Saturday, September 27, 2008

Eid, a Celebration of the End of Ramadan

Eid in my house is always the same every year, but instead of being a monotonous affair, it’s become a much anticipated tradition. My father and brother attend the earliest Eid prayers, and my mother drags me out of bed because I refuse to be alert at the hideously early hour of 6am. I always take my time getting dressed in my newest pair of shalwar kameez while my mother puts the finishing touches on the halwa that she prepared the night before in anticipation of the holiday.

After prayers, my entire extended family gathers at my house and indulges in a delectable, traditional Pakistani breakfast of puris, halwa, aloo, chole, and sheer khorma. The kitchen floor is covered with plastic bags displaying raw puris that need to be deep fried, and my aunts prepare the rest of the breakfast with my mother while my cousins run around the house or play video games and my uncles watch Geo TV. Later, my cousins and I scheme about the best methods of extorting Eidi from our uncles, some of whom make it notoriously difficult. I always end up being the emissary for the rest of the group, because I am one of the few older cousins who is not ashamed to pander for money. It’s a loud, robust holiday for us, with its distinct rituals, flavors, and foods.

However, I believe that the last Eid I celebrated with my family was probably six years ago, in my freshman year of college when Eid coincided with Thanksgiving break. That was also a confusing one for me, as I was attending college in Boston, where the Muslim community had started its fast one day before my parents did, but I celebrated Eid with my family in New Jersey, where the community fasted for one day less than I had. This split was by no means atypical, and at times, the divide over Ramadan has had a clearly demarcated cultural and ethnic face, as the Arab Muslims followed Saudia Arabia’s declaration of the first day of Ramadan while the Pakistani Muslims followed Pakistan’s declaration.

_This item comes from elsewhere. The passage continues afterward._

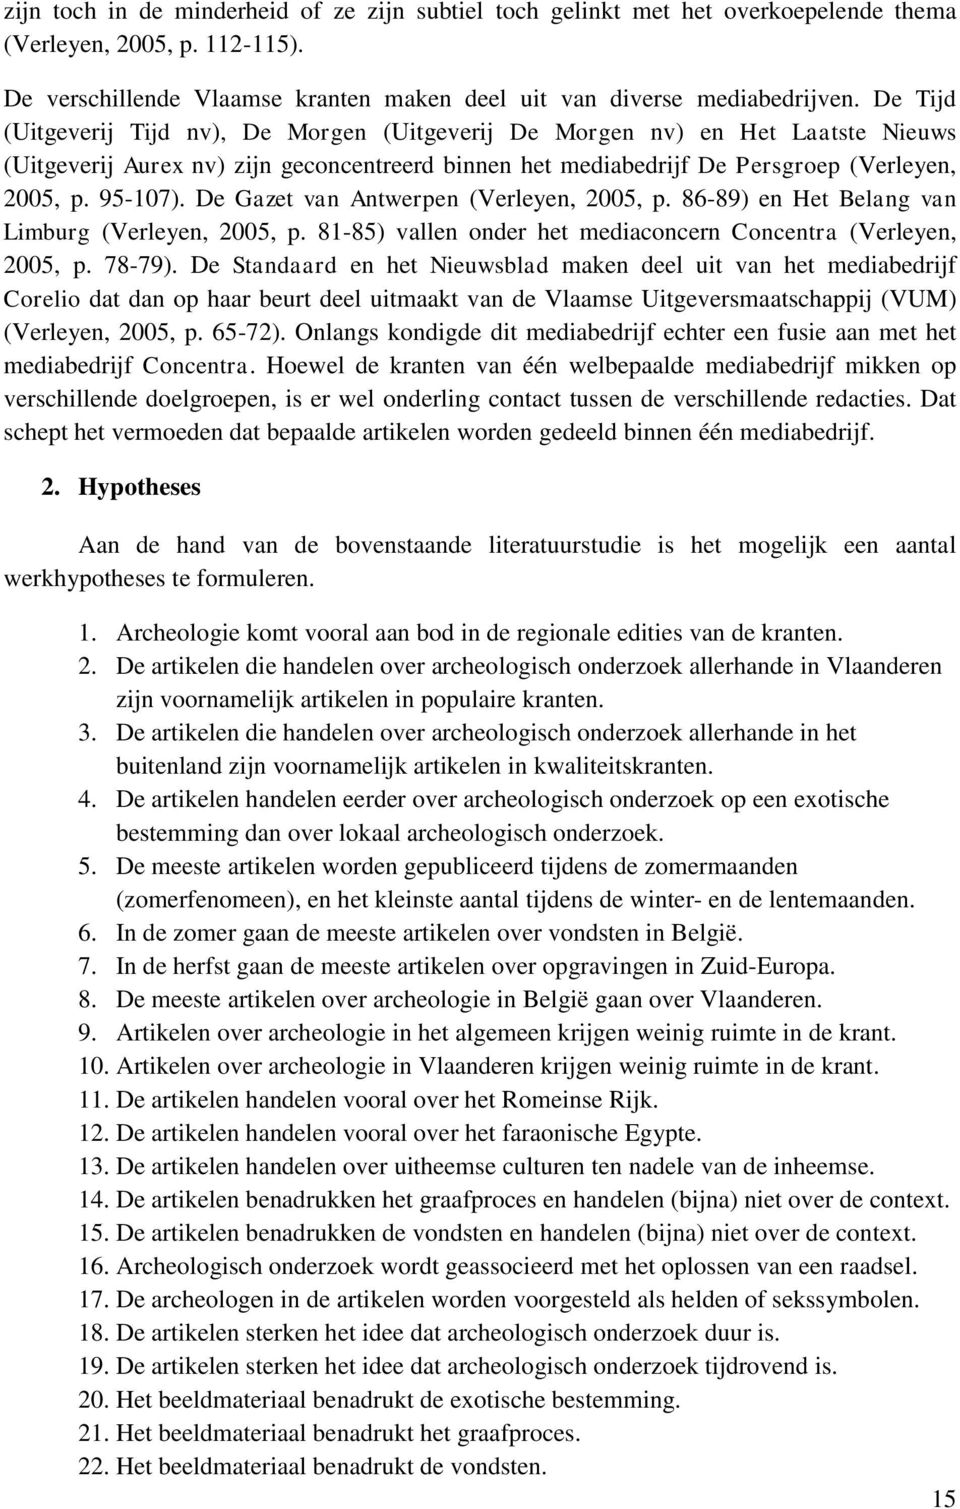 De Gazet van Antwerpen (Verleyen, 2005, p. 86-89) en Het Belang van Limburg (Verleyen, 2005, p. 81-85) vallen onder het mediaconcern Concentra (Verleyen, 2005, p. 78-79).

I had never been cognizant of these disputes because they had never really affected me, since when I lived at home, I just followed whatever my parents decided to do, and most of the Muslims in my community—many of whom were South Asian—tended to celebrate on the same day. Yet when I went to college, and the imam declared the beginning of Ramadan, I called home and wished my parents Ramadan Mubarak. Their confused reaction –“You’re one day early!” my mother told me—shocked me with the realization that now I was in a state of discordance with my parents. It was strange to be fasting when my parents, who had always been my guides in spirituality and religion, were not fasting, and I resented the semantic divides that cleaved the beginning of the holy month for my parents and me. The questions of moon sighting versus calculations, or whether we should follow Saudia Arabia considering that we would have to follow their calendar for Hajj, were not uniquely interesting to me, and at first, I wanted to follow the calendar to which my parents were adhering. Although I had to follow the local community, I felt a certain degree of sadness about this deviation from the norm.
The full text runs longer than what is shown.